La ligne de métro passe à proximité de Guanabara, la baie qui accueillera les épreuves de voile, sous le regard du Christ Rédempteur. Voilà pour la carte postale. Lors de sa désignation comme ville-hôte en 2009, Rio avait promis que les eaux de la Baie seraient traitées à 80 %. Sept ans plus tard, les égouts de la ville se déversent toujours dans la baie.

Malgré la présence de bateaux collecteurs et de filets de protection, toutes sortes de détritus virevoltent au gré des courants. Et les dernières analyses n'ont montré aucune amélioration de la qualité des eaux, contaminées par des bactéries.

Entre deux passages de bouées, les «voileux» devront donc éviter les objets flottants pour espérer gagner.

Victoire, défaite, rires, larmes... Ces mots accompagneront la grande fête olympique à partir de mercredi, où seront disputés les premiers matches de football. Les premières médailles seront distribuées samedi, en natation, haltérophilie, cyclisme, escrime, judo, tir ou tir à l'arc.

Y aura-t-il des Russes sur les podiums au bout du contre-la-montre?

Les Jeux en bref

Un plombier pour les Britanniques!

La Grande-Bretagne, hôte des précédents jeux Olympiques en 2012 à Londres, s'est déplacée à Rio avec 366 sportifs. Et la délégation britannique s'est préparée au pire après la polémique autour des Australiens et de leur chaotique installation au Village Olympique.

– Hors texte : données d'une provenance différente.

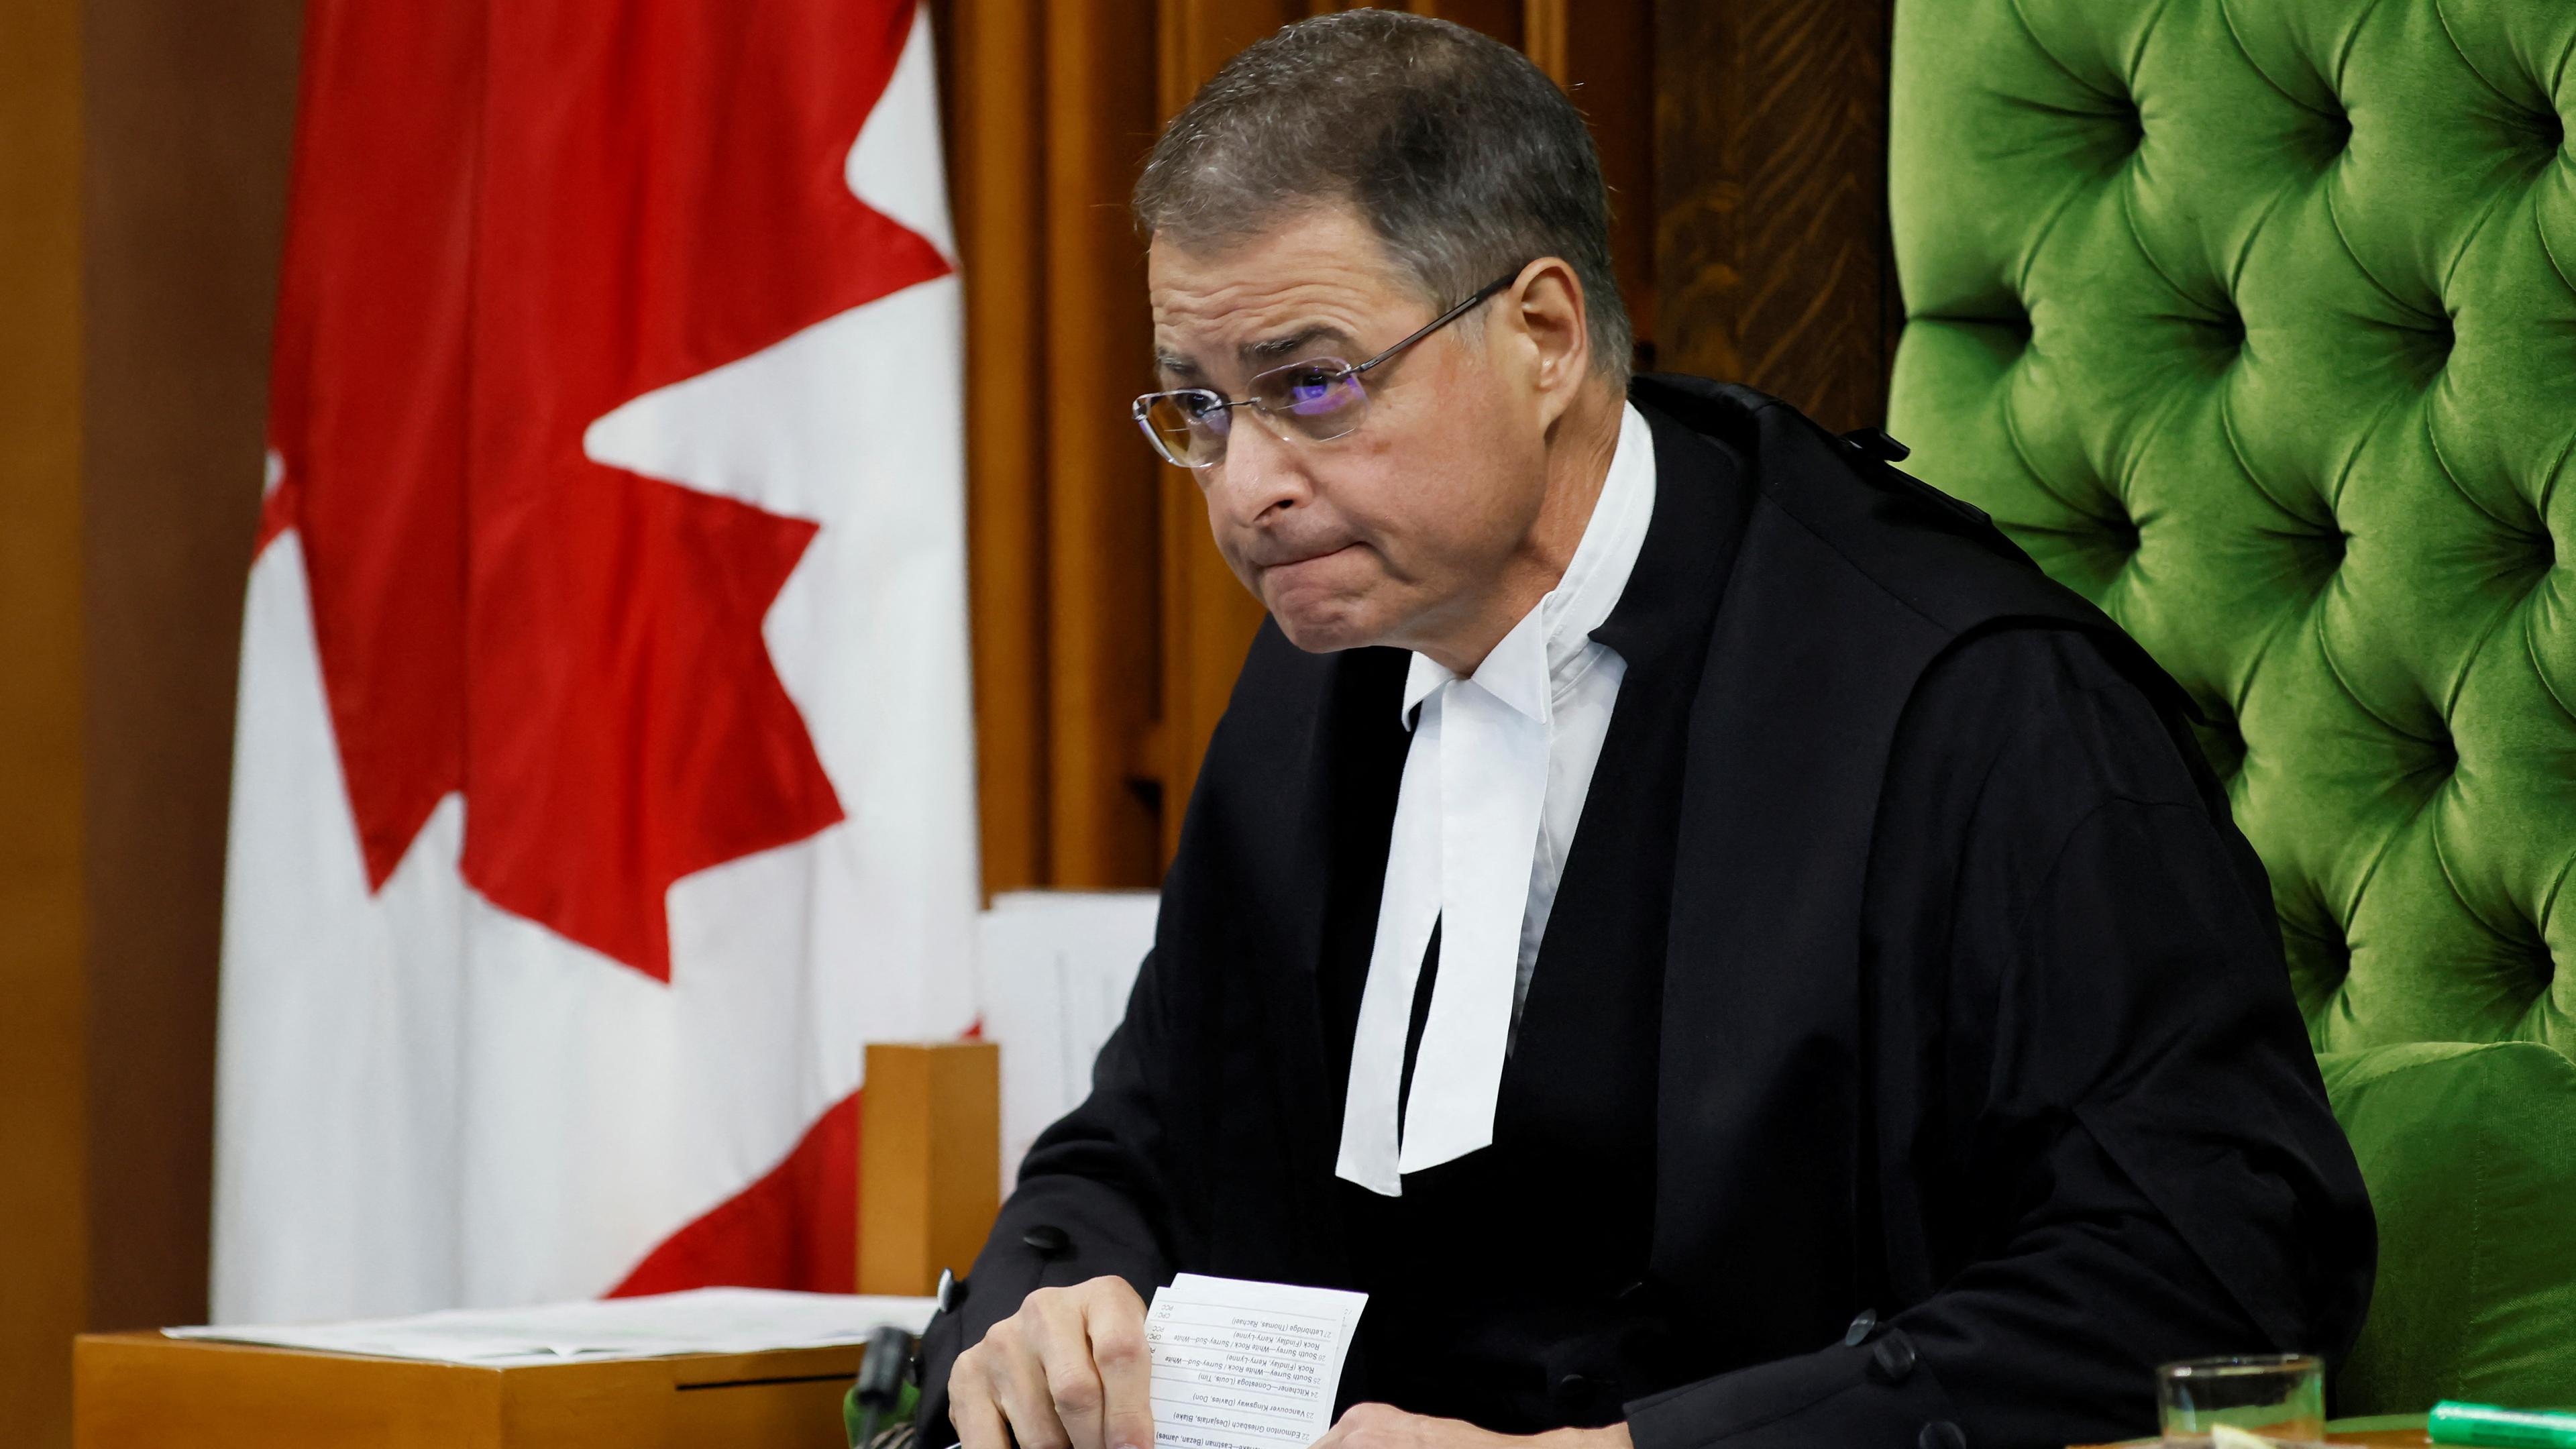 Der Sprecher des Unterhauses Anthony Rota während der Fragestunde auf dem Parliament Hill in Ottawa, Ontario, Kanada.

«Nous avons notre propre plombier, qui sera là quotidiennement. Peut-être que les douches de certains seront un peu plus froides que ce qu'ils souhaitent, mais on est préparé», a expliqué le chef de mission Mark England.

En revanche, pas de pompier britannique dépêché, alors qu'un incendie s'est déclaré dimanche chez les Australiens.

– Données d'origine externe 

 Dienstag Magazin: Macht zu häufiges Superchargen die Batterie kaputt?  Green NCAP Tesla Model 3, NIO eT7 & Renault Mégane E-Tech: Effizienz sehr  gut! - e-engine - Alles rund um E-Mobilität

Les pompiers de Rio «ont testé notre bâtiment à de nombreuses reprises et nous sommes satisfaits des certificats que l'on a vus», a rassuré England.

Boomer au village

Athlète le plus médaillé de l'histoire olympique, avec 22 médailles, dont 18 titres, le jeune papa Michael Phelps pourra compter sur un coup de pouce de son tout jeune fils avant de plonger dans le bassin carioca, où il cherchera à agrandir encore sa collection.

Une empreinte de pied de Boomer, qui fêtera ses trois mois le jour même de la cérémonie d'ouverture vendredi, est en effet imprimée sur la semelle intérieure d'une de ses baskets, rapporte NBC.

Fièvre dans l'espace

«Nous venons juste de survoler Rio de Janeiro et nous sommes tous très excités pour les Olympiques là-haut.»

C'est le message posté il y a quelques heures sur le compte Twitter de la Nasa par l'astronaute américaine Kate Rubins, qui a rejoint la Station spatiale internationale (ISS) début juillet pour sa première mission dans l'espace.

Mauvaise utilisation pour Green

Une mauvaise manipulation de Draymond Green et ce qui ne devait rester qu'une blague dans sa sphère privée s'est retrouvé visible sur son compte Snapchat pendant une dizaine de minutes dimanche après-midi.

«J'ai appuyé sur le mauvais bouton. C'était censé être privé», a regretté l'ailier fort des Warriors de Golden State, tête d'affiche de la Dream Team américaine de basket-ball.

L'objet de la controverse: une photo de son pénis!